- The task: Leave out every picture, and output exactly the lines from the line containing "Colônia de pinguins" through the last line of the data.

- Stored data:
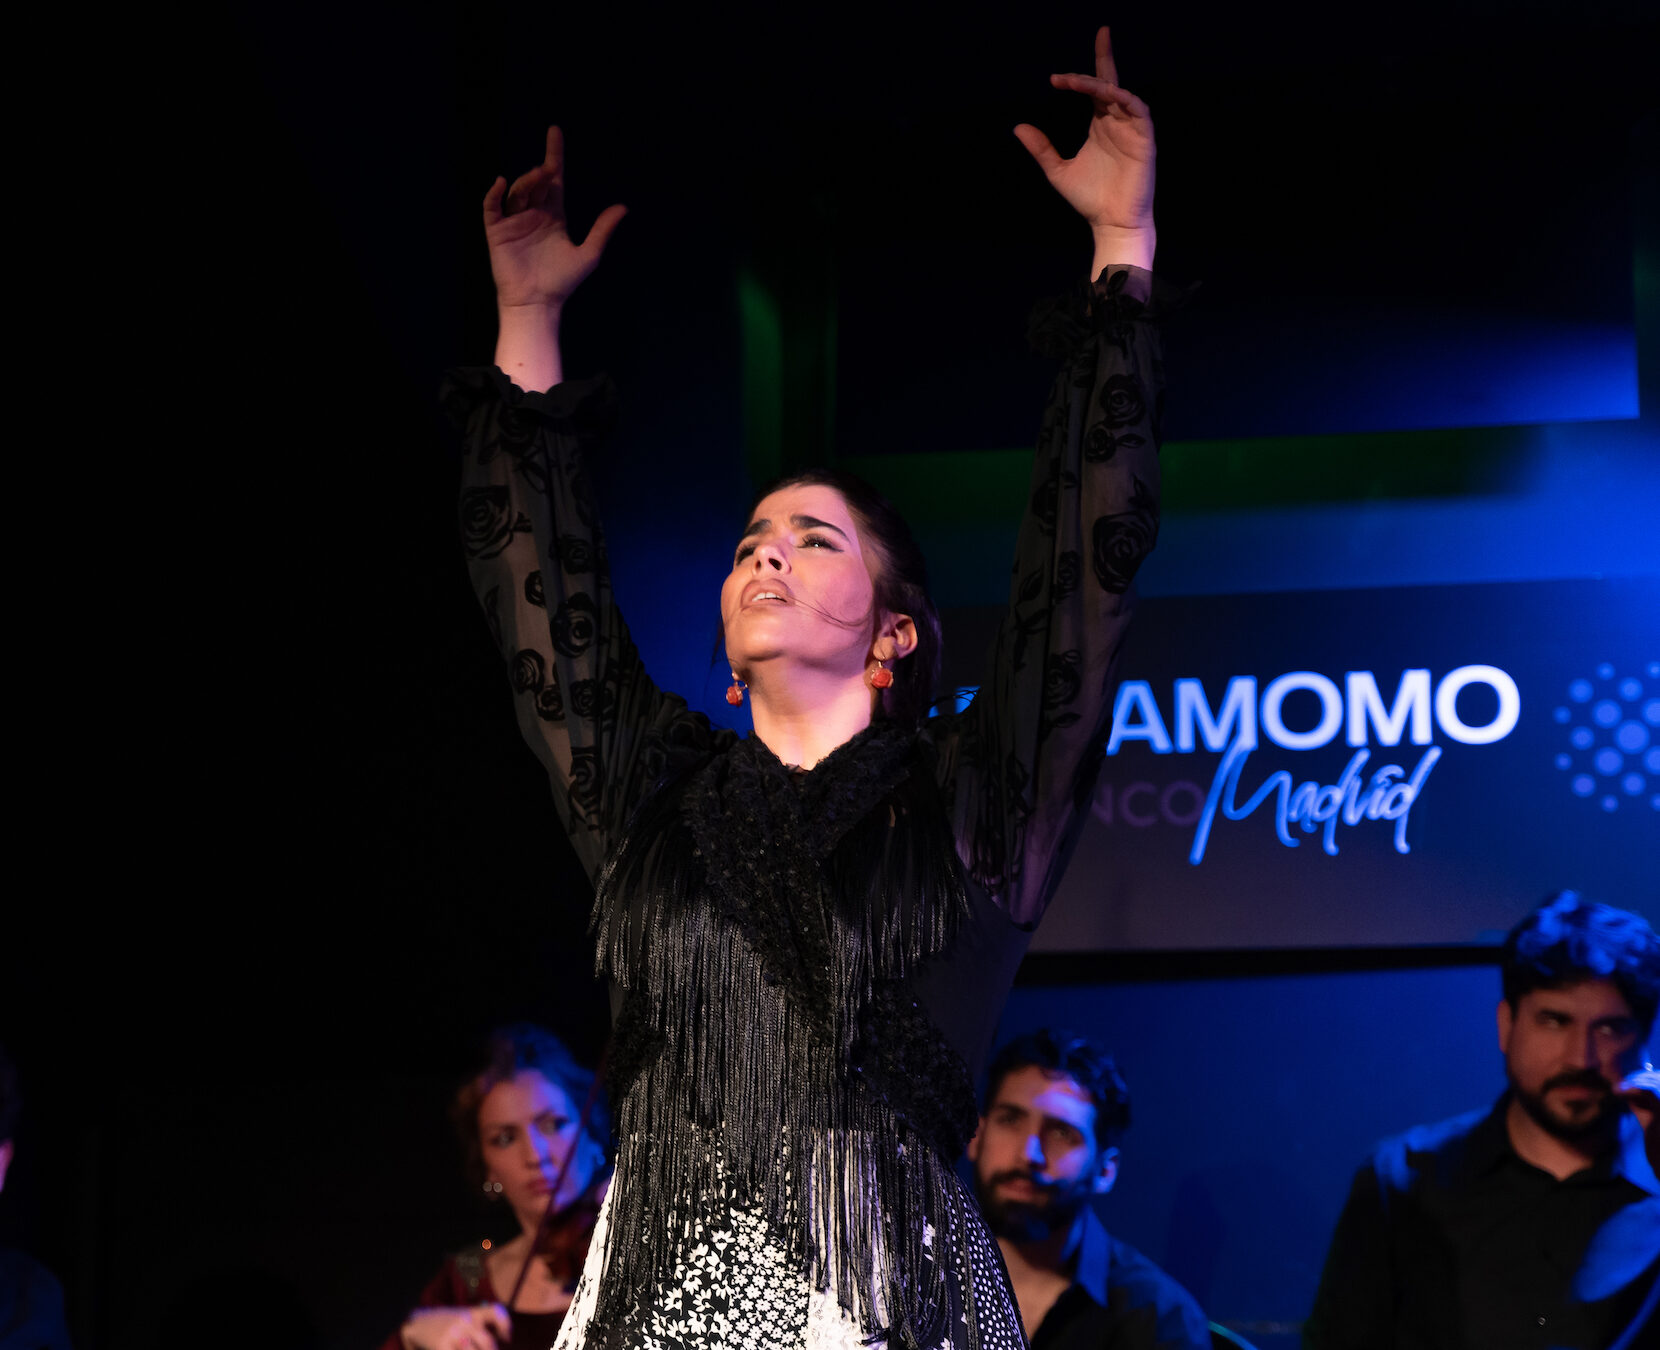 Consigue Entradas de Flamenco en Madrid: Descubre el alma de España en Cardamomo
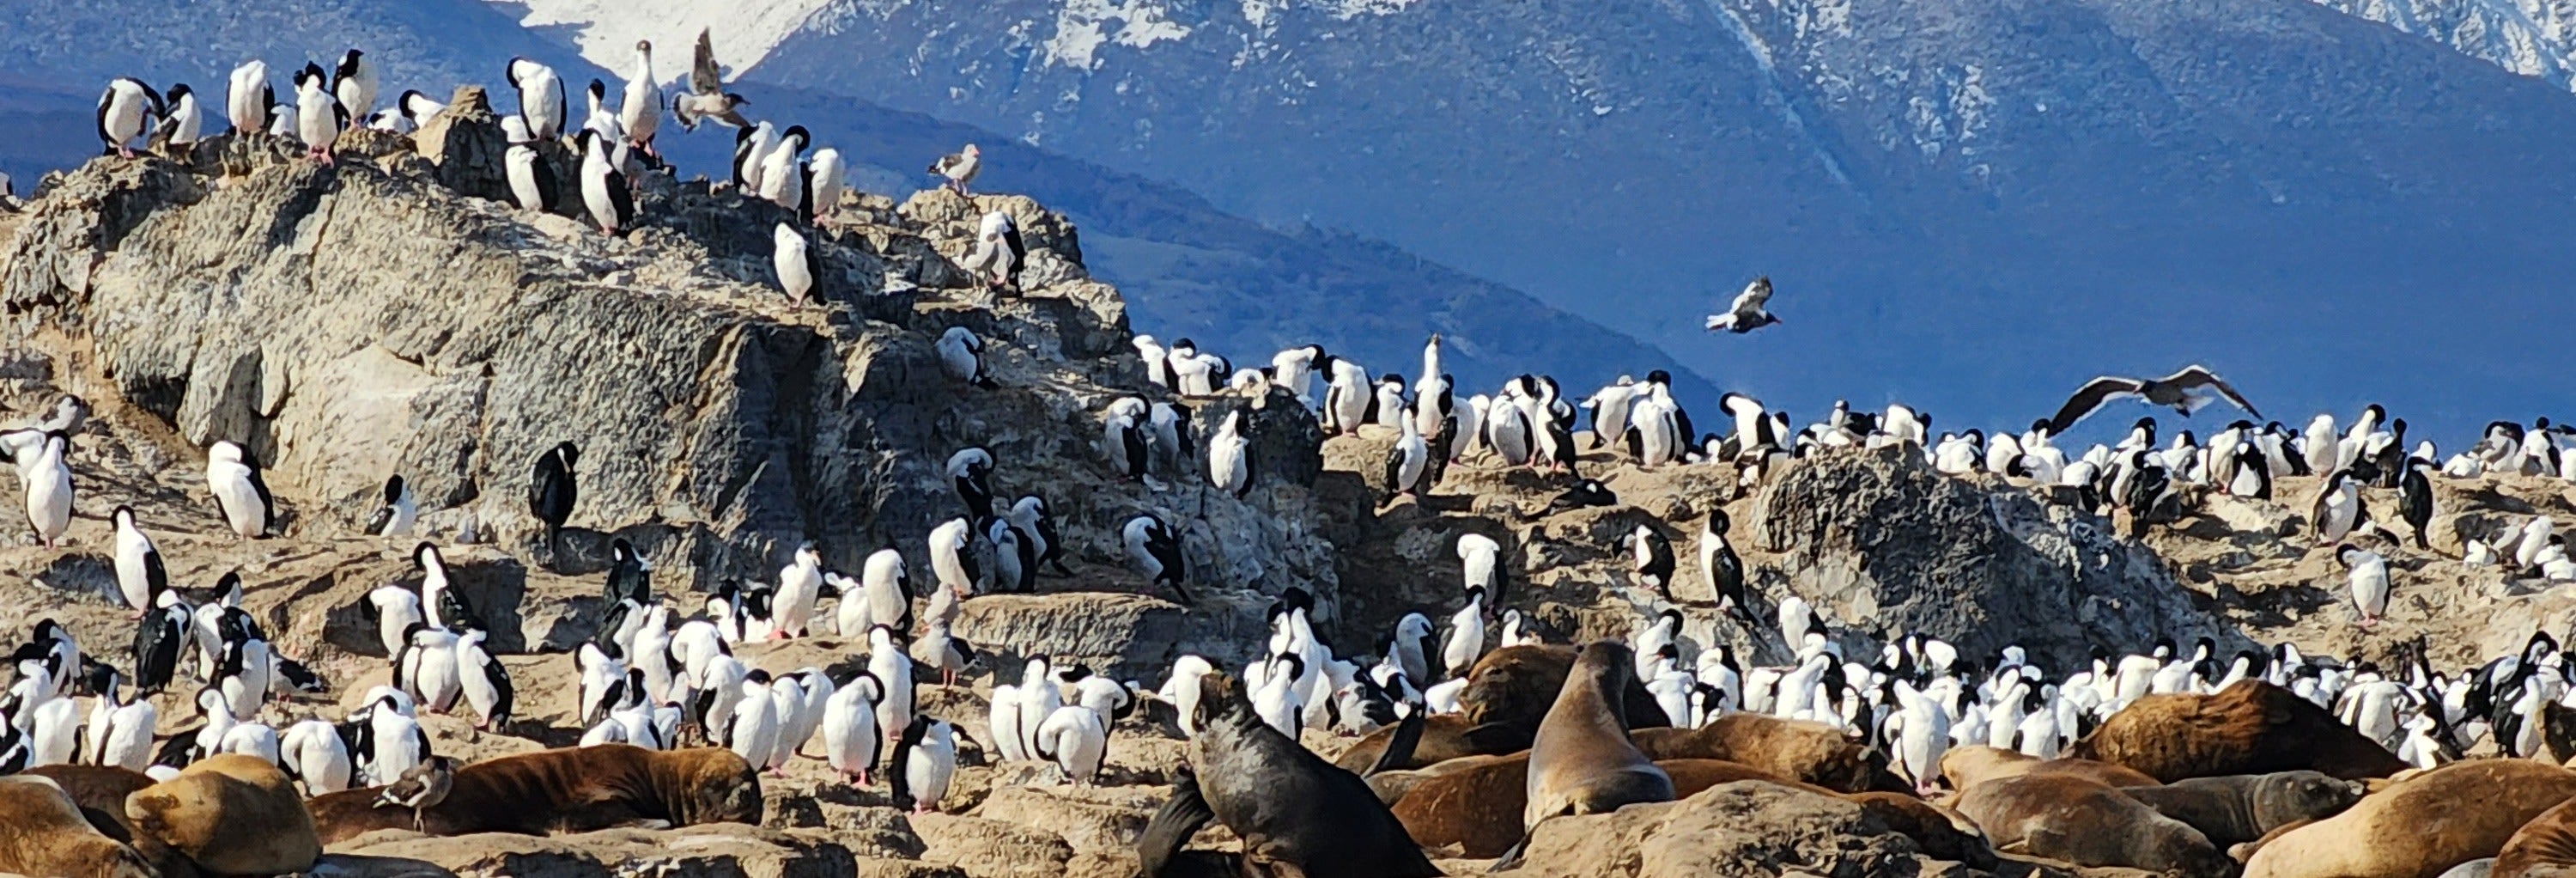 Colônia de pinguins na Ilha Martillo + Passeio de barco pelo canal Beagle
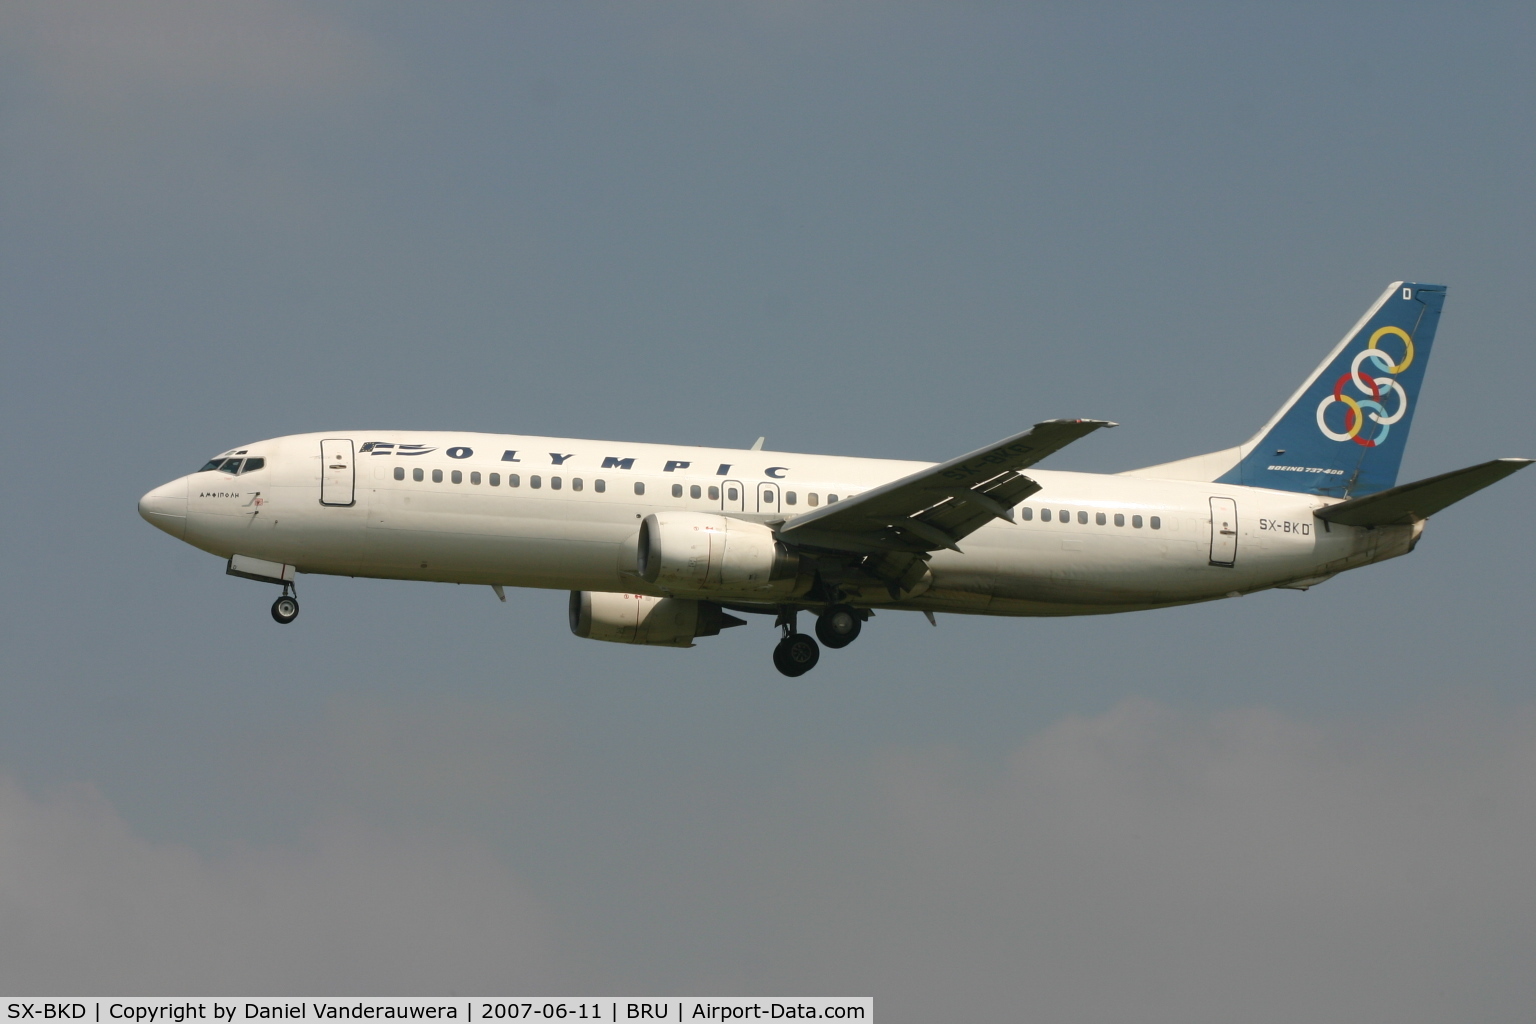 SX-BKD, 1991 Boeing 737-484 C/N 25362, flight OA145 is descending to rwy 25L
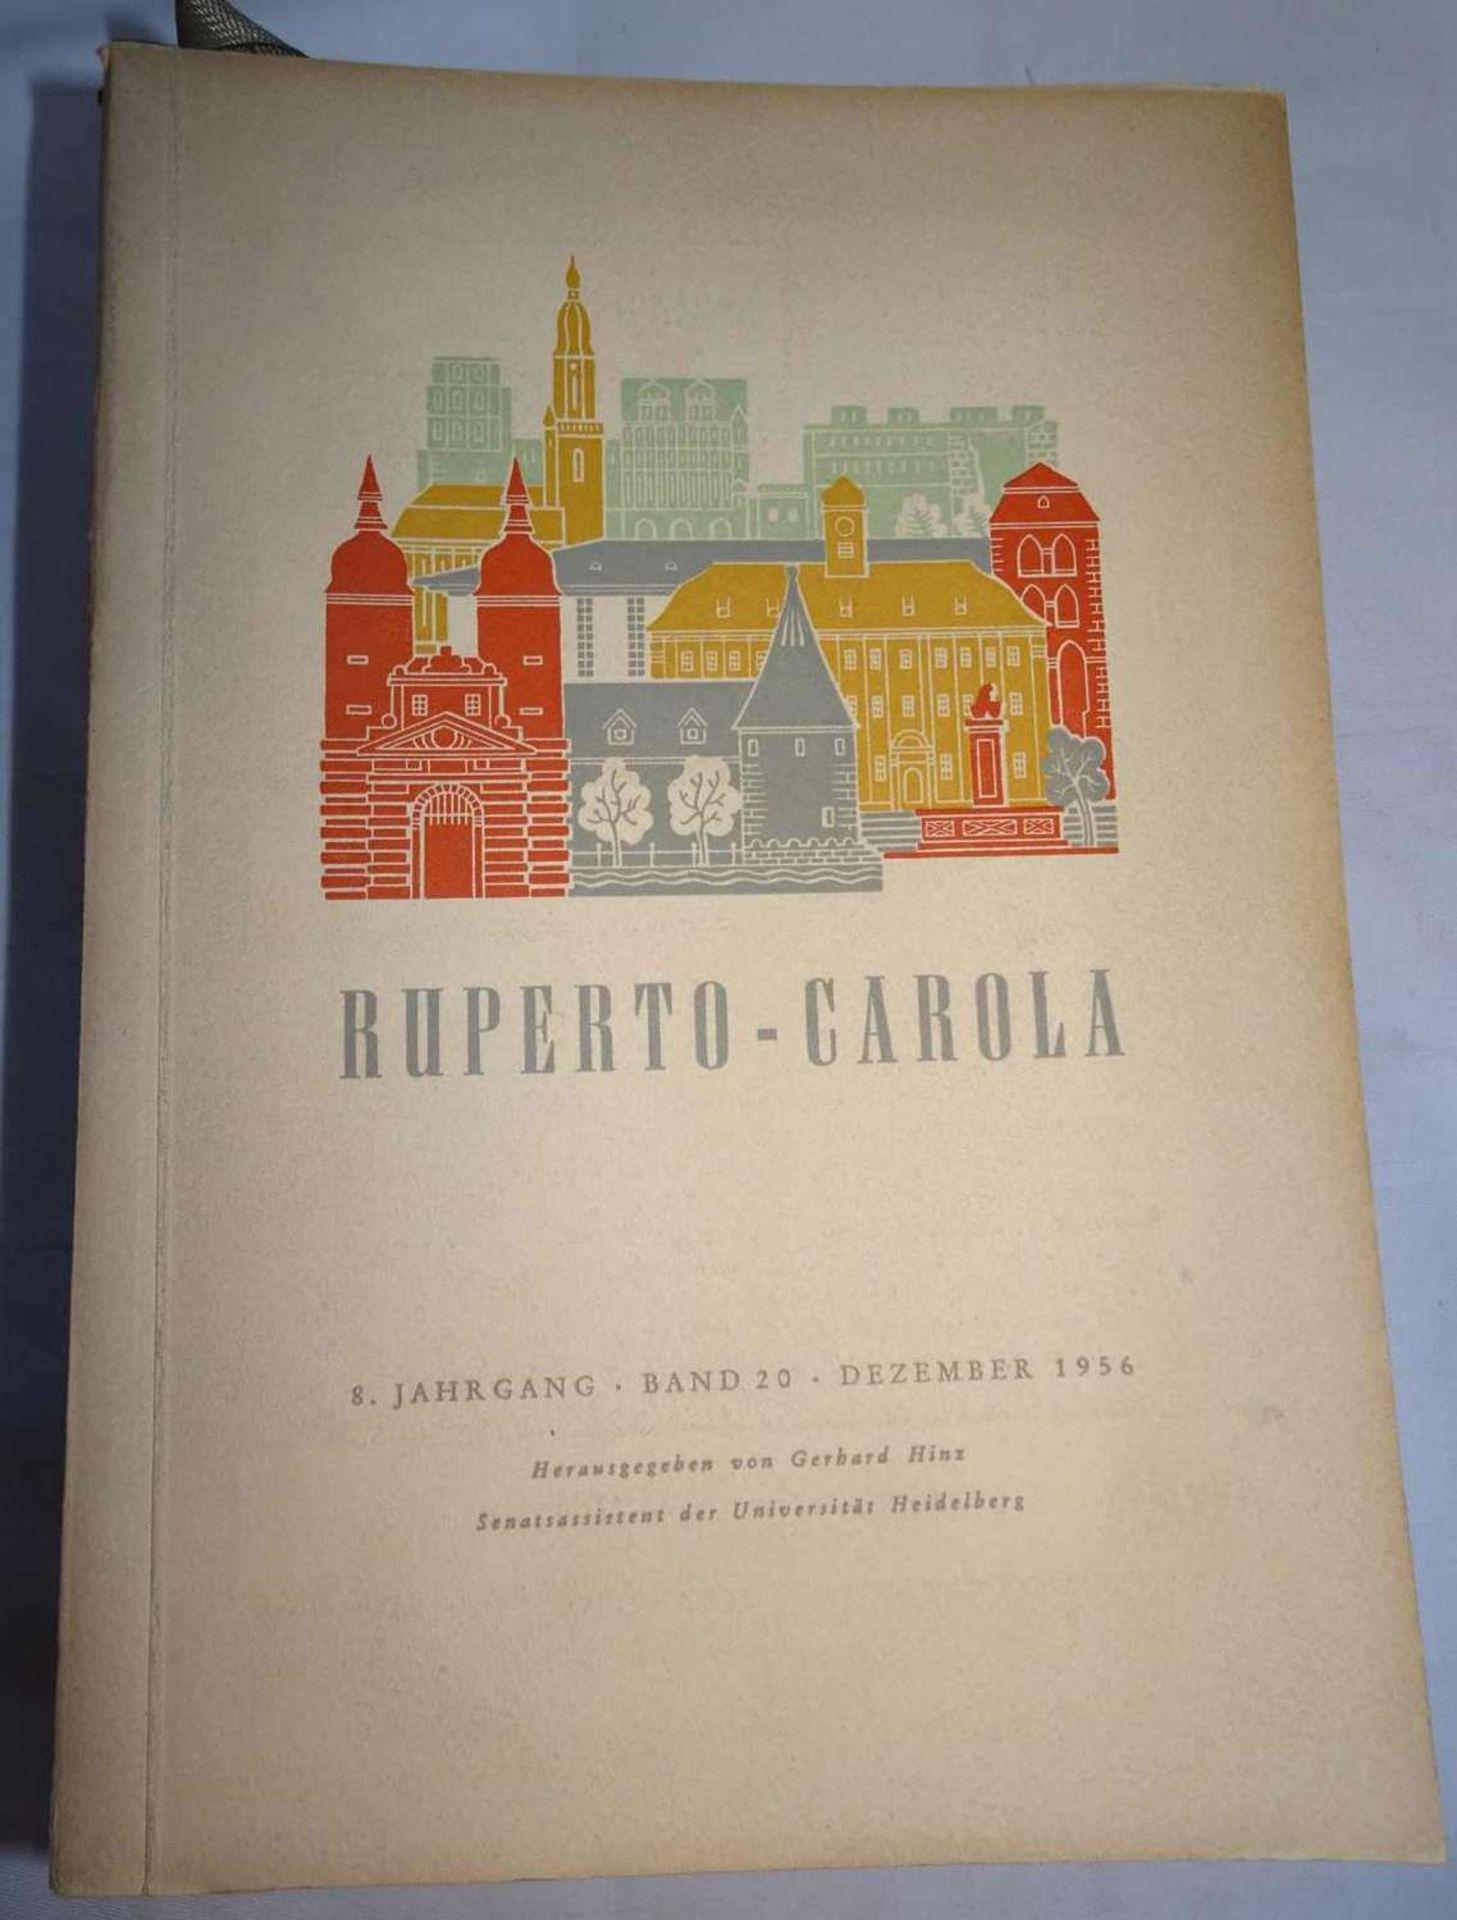 Ruperto-Carola, herausgegeben von Gerhard Hinz, verschiedene Bänder & Jahrgänge von 1956-1970. - Bild 2 aus 2

- Answer space:
 Colônia de pinguins na Ilha Martillo + Passeio de barco pelo canal Beagle
 SX-BKD, 1991 Boeing 737-484 C/N 25362, flight OA145 is descending to rwy 25L
 Ruperto-Carola, herausgegeben von Gerhard Hinz, verschiedene Bänder & Jahrgänge von 1956-1970. - Bild 2 aus 2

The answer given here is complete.